A Jar Contains 39 Red White And Blue Marbles

For the first marble the probably of getting a red would be 12 48 which is 1 4.

A jar contains 39 red white and blue marbles.

A jar contains a total of 20 marbles that are blue green or white. A jar contains 2 red 1 white and 3 blue marbles. Two marbles are drawn without replacement. Two marbles are drawn.

A jar contains 4 black marbles and 3 red marbles. Now if you take out one red marble then there are 11 now in the jar. P red blue 2 p blue and blue answer by edwin mccravy 18224 show source. B find probabilities for p bb p br p rb p ww p at least one red p exactly one red 3.

Find the probability of choosing the given marbles without replacement. Asked 03 25 15 suppose a jar contains 11 red marbles and 37 blue marbles. You would try different combinations such as 25 of each colored marble in a jar or putting all red marbles in one jar and all the blue in the other. So to be absolutely certain you would have at least 3.

See a solution process below. A are red b neither red or green c not white an ordinary pack of 77. If a marble is drawn at random from the jar what is the probability that the marble. A jar contains 3 white 4 blue 5 red and 2 green marbles.

We could potential remove 8 marbles and there is a possibility they could all be red. If x equals the number of red marbles drawn which of the following tables shows 3545377. 1 2 chance we pick jar a 50 50 chance we pick a red marble 1 2 chance we pick jar b 0 50 chance we pick a red marble. So the probability of white is 5 11.

So the probability of drawing red is 3 12 or 1 4 reduced. The probability of both happening would be 1 4 x 12 47. If you reach in the jar and pull out 2 marbles at random find the probability that both are red.
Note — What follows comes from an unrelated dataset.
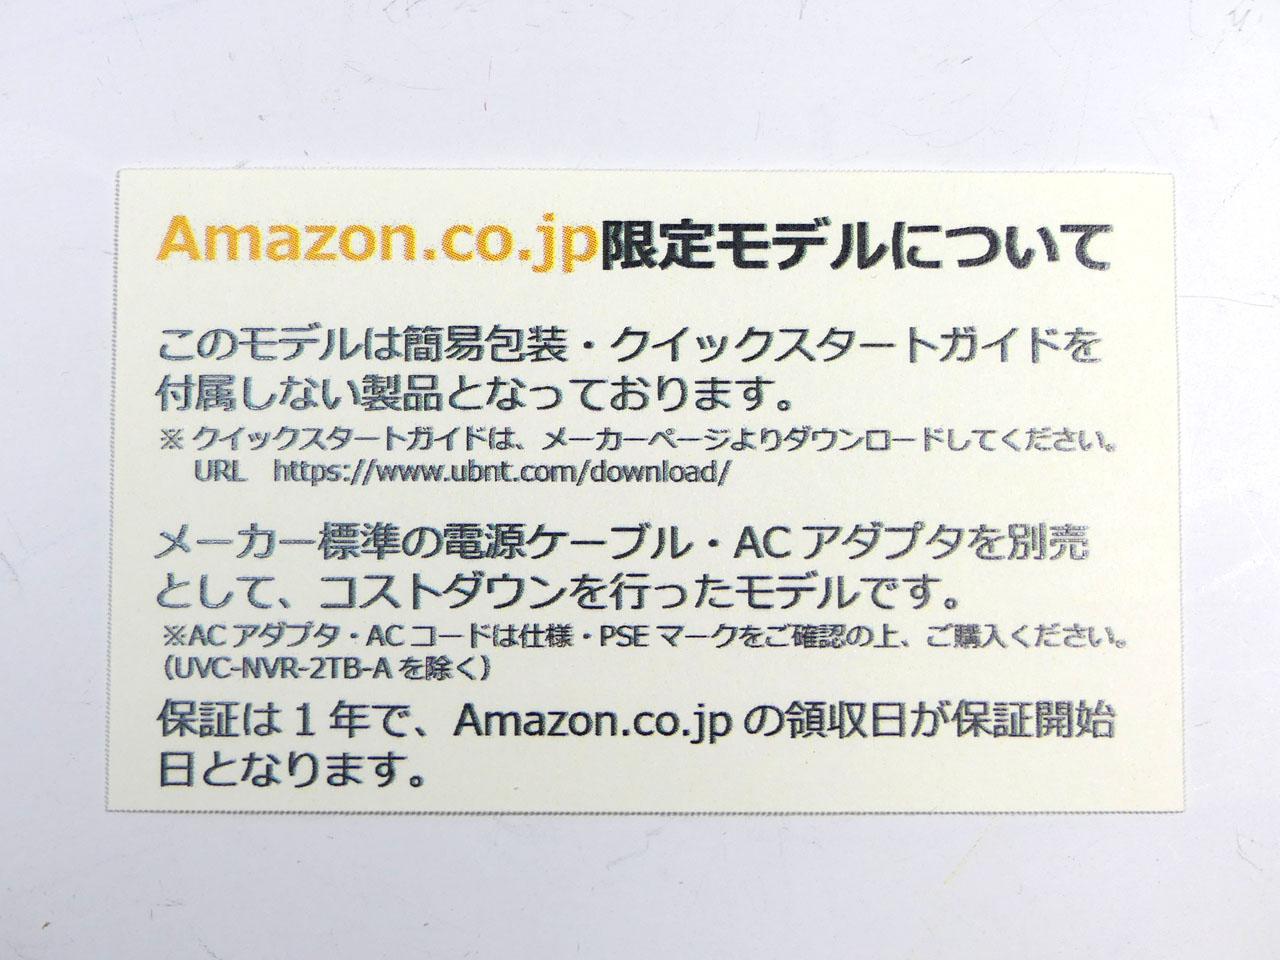 Amazon.co.jpで購入した簡易包装版。ACアダプターが別売りになっている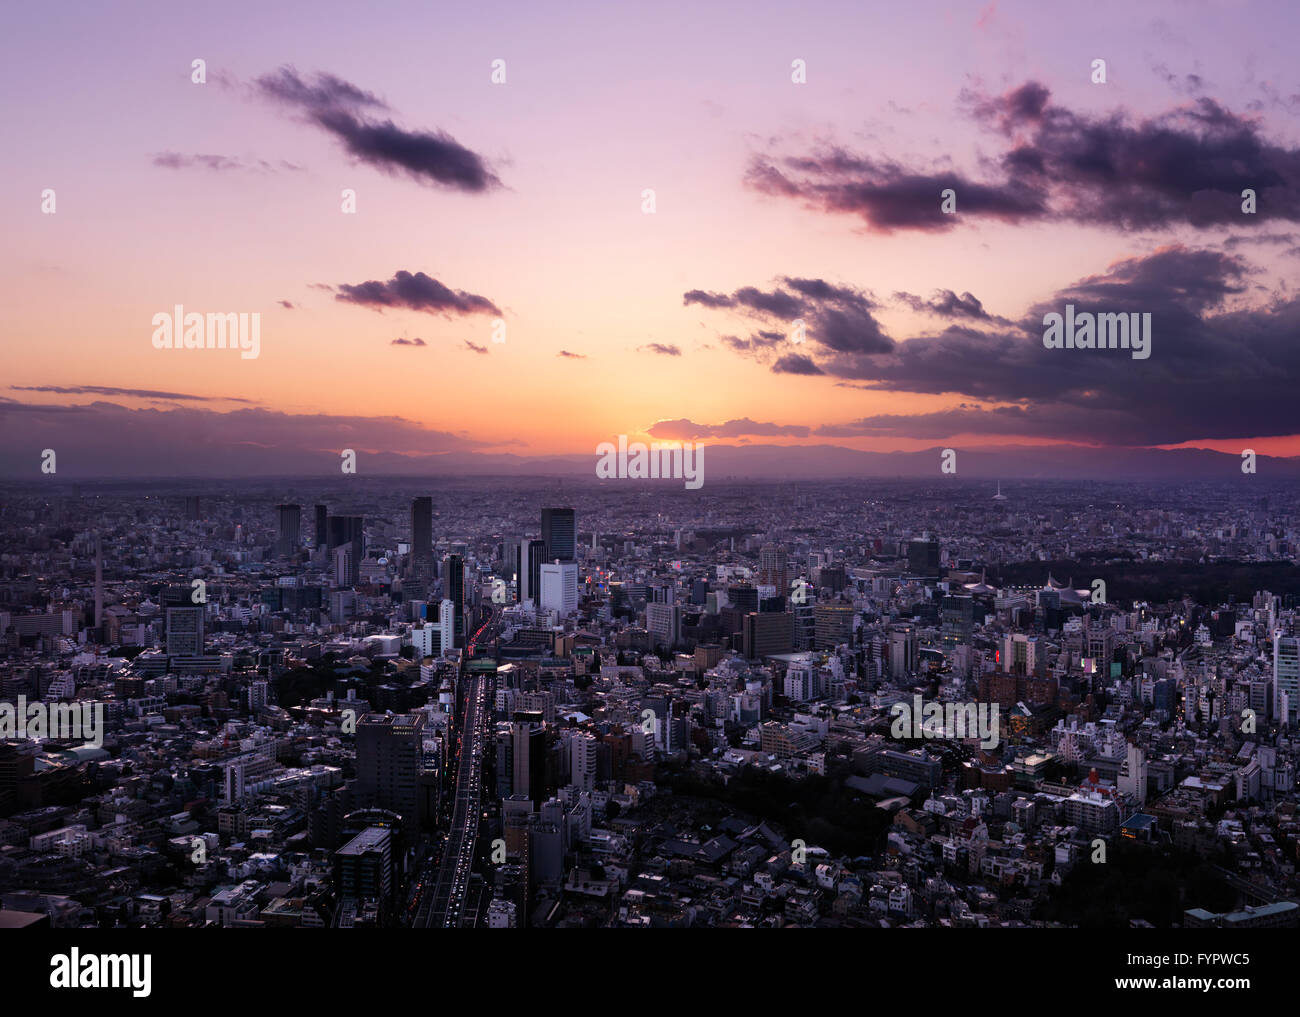 Cityscape, at sunset, Shibuya, Tokyo, Japan - Stock Image

We would need to remove 3 more marble to be absolutely certain there was at least three marbles of each color.

A jar contains 3 white marbles 4 red marbles and 5 blue marbles. A draw the tree diagram for the experiment. Pulling out 2 marbles is the same as to taking out one marble and then taking out another marble form whats remaining in the jar. Next we could remove 7 more marbles and there is a possibility no matter how small they could all be blue.

And there are still 5 white marbles. You would still end up with a chance of 50. The number of white marbles is three more than the number of green marbles and the number of blue marbles is one more than twice the number of green marbles b g w 20 w g 3 b 2g 1 substitute for b and w and solve for g 2g 1 g g 3 20 4g 4 20 4g.